▶ **About this exercise**: While copying the entries exactly, leave out each picture they contain.

[Source records]
--*--

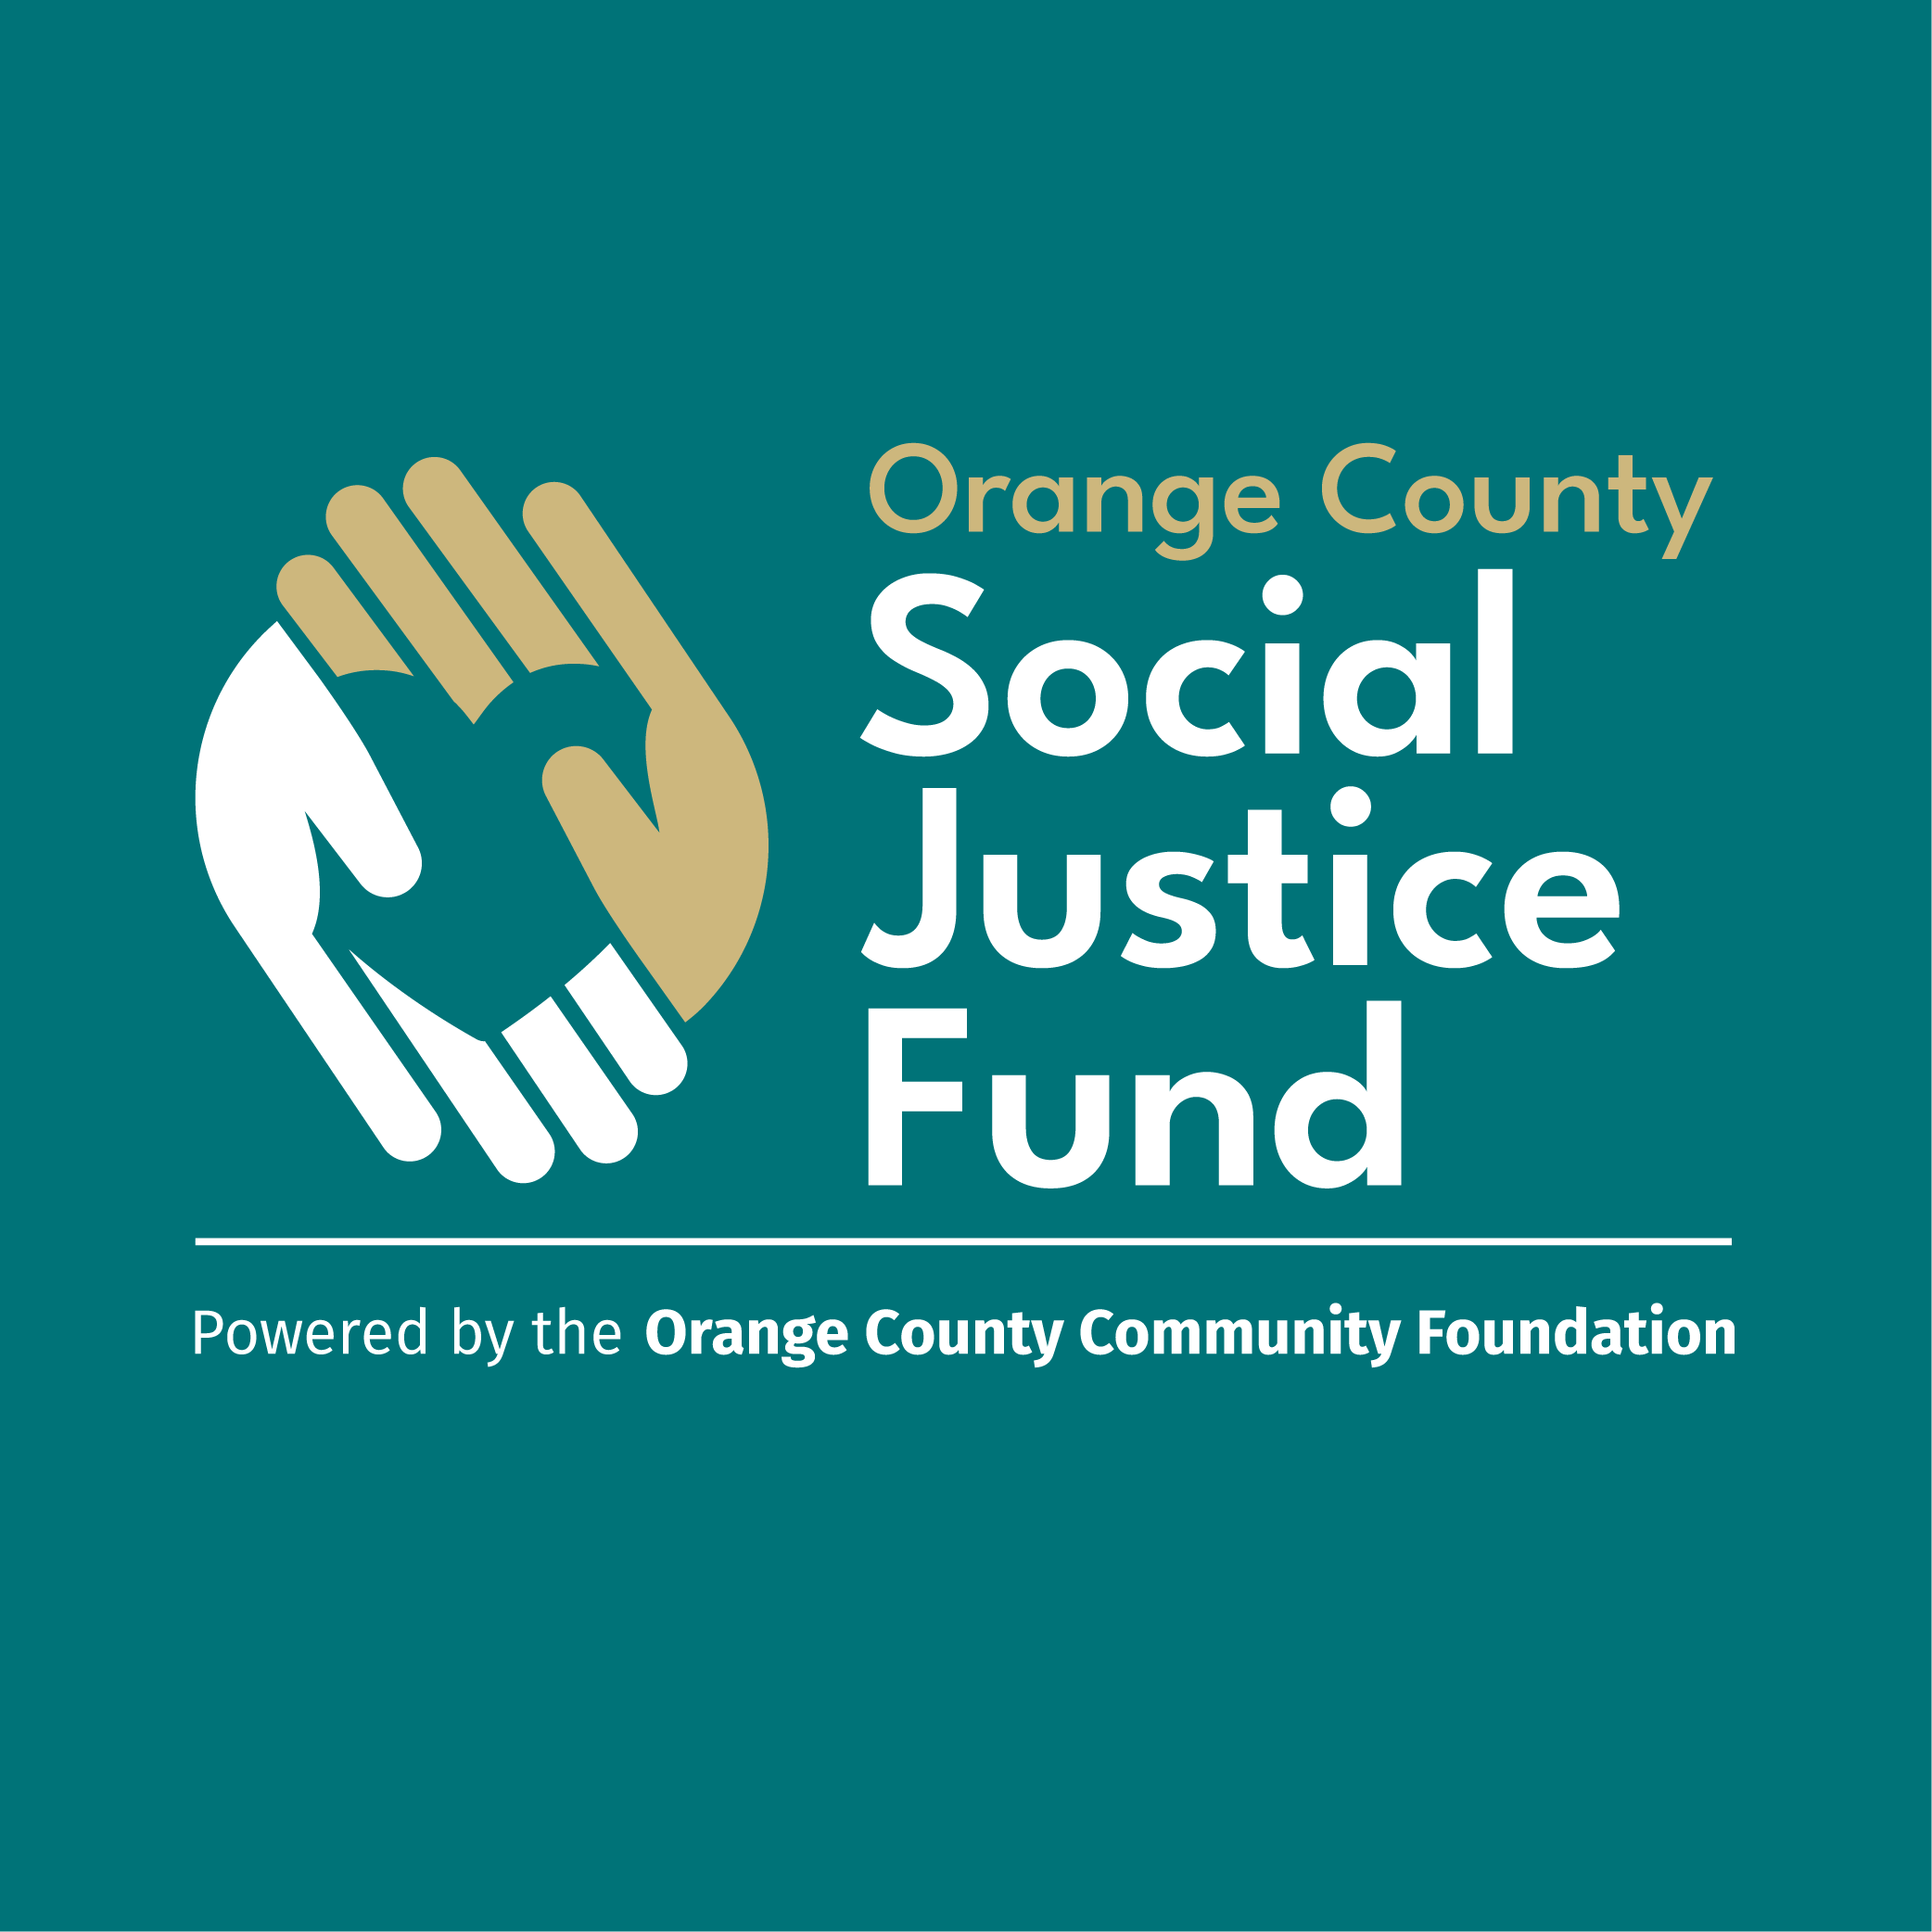 Orange County Social Justice Fund
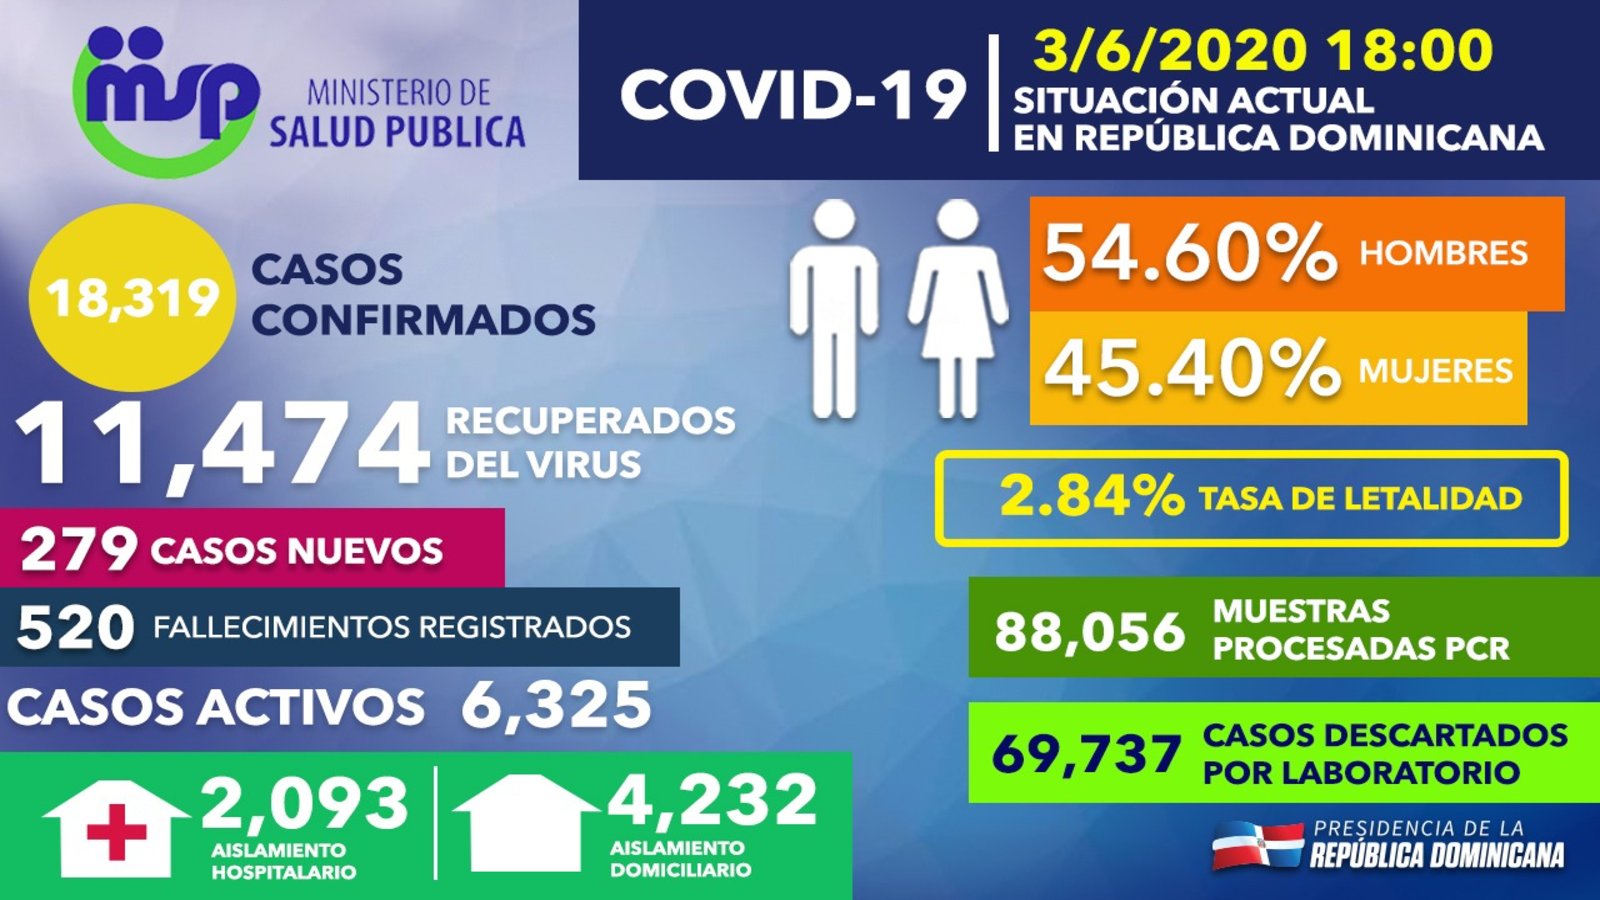 REPÚBLICA DOMINICANA: Recuperados de COVID-19 ascienden a 11,474; tasa de letalidad se reduce a 2.84%
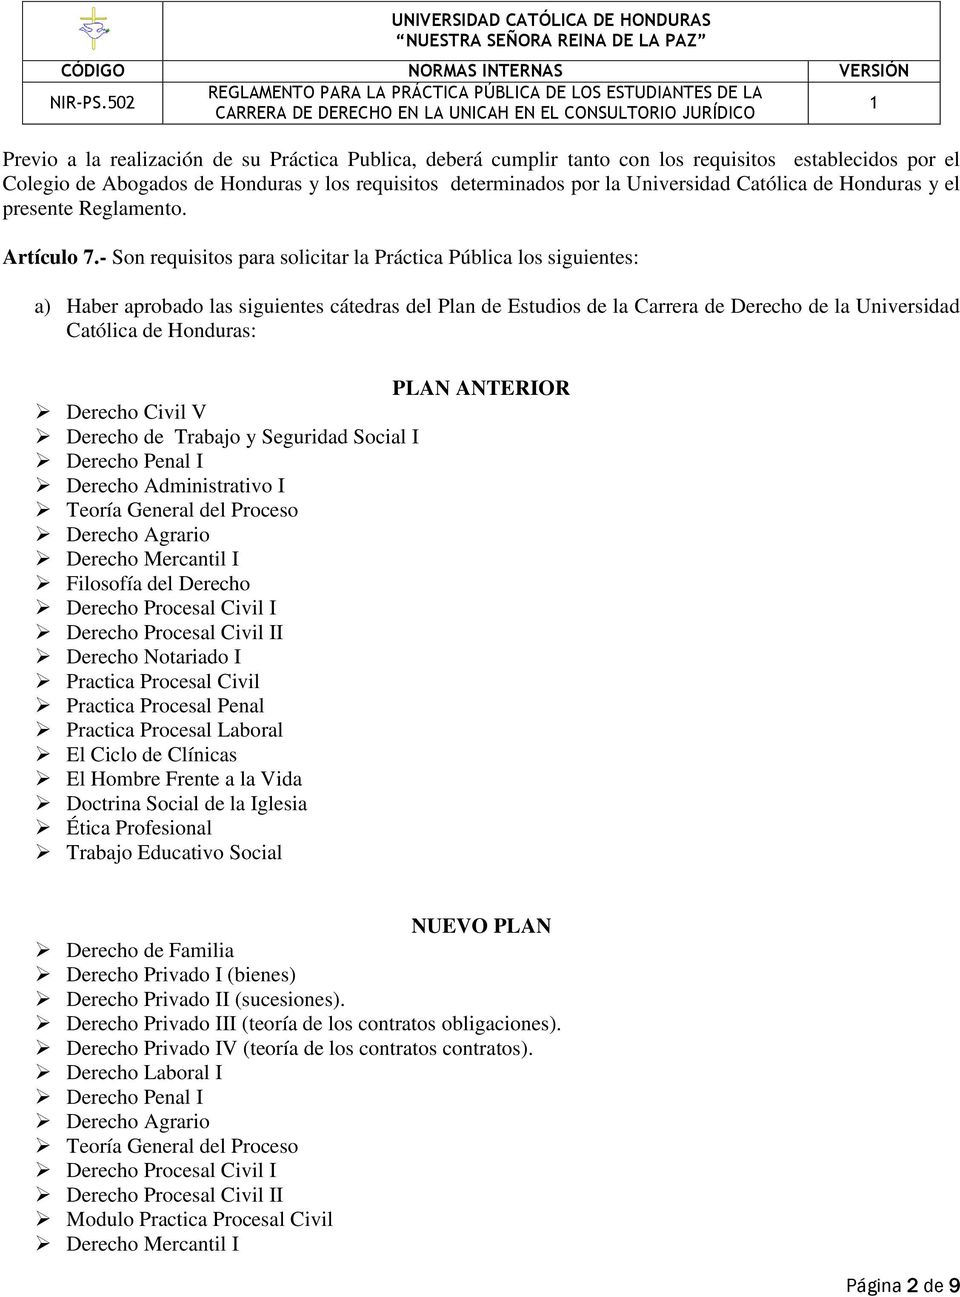 - Son requisitos para solicitar la Práctica Pública los siguientes: a) Haber aprobado las siguientes cátedras del Plan de Estudios de la Carrera de Derecho de la Universidad Católica de Honduras:
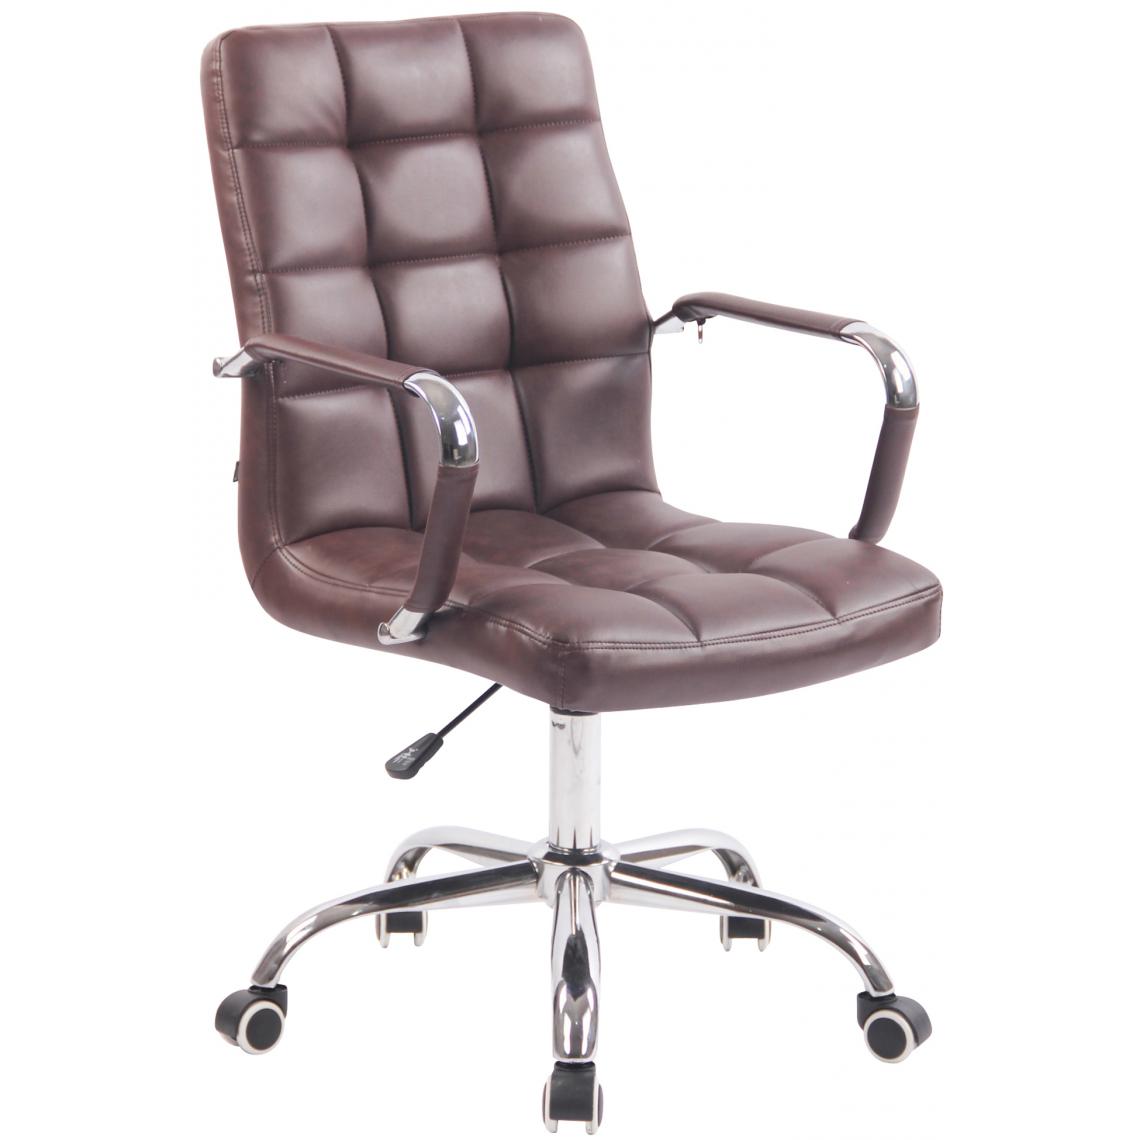 Icaverne - Superbe Chaise de bureau serie Helsinki couleur Bourgogne - Chaises
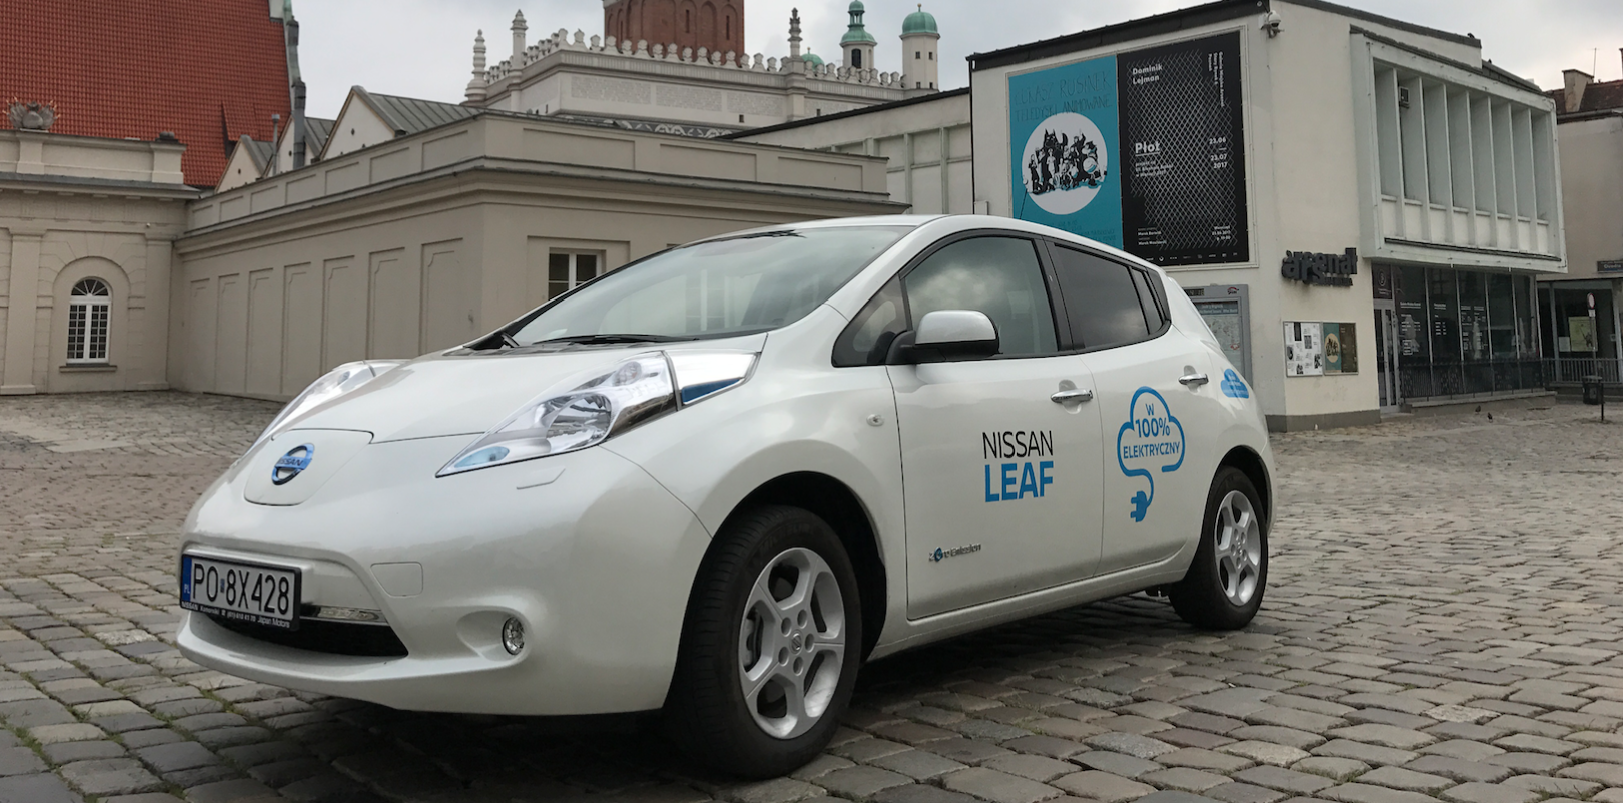 Jaka przyszłość czeka elektryczne samochody w Poznaniu?

--*--

▶ **Exercise solution**:
 Orange County Social Justice Fund
 REPÚBLICA DOMINICANA: Recuperados de COVID-19 ascienden a 11,474; tasa de letalidad se reduce a 2.84%
 - Son requisitos para solicitar la Práctica Pública los siguientes: a) Haber aprobado las siguientes cátedras del Plan de Estudios de la Carrera de Derecho de la Universidad Católica de Honduras:
 Icaverne - Superbe Chaise de bureau serie Helsinki couleur Bourgogne - Chaises
 Jaka przyszłość czeka elektryczne samochody w Poznaniu?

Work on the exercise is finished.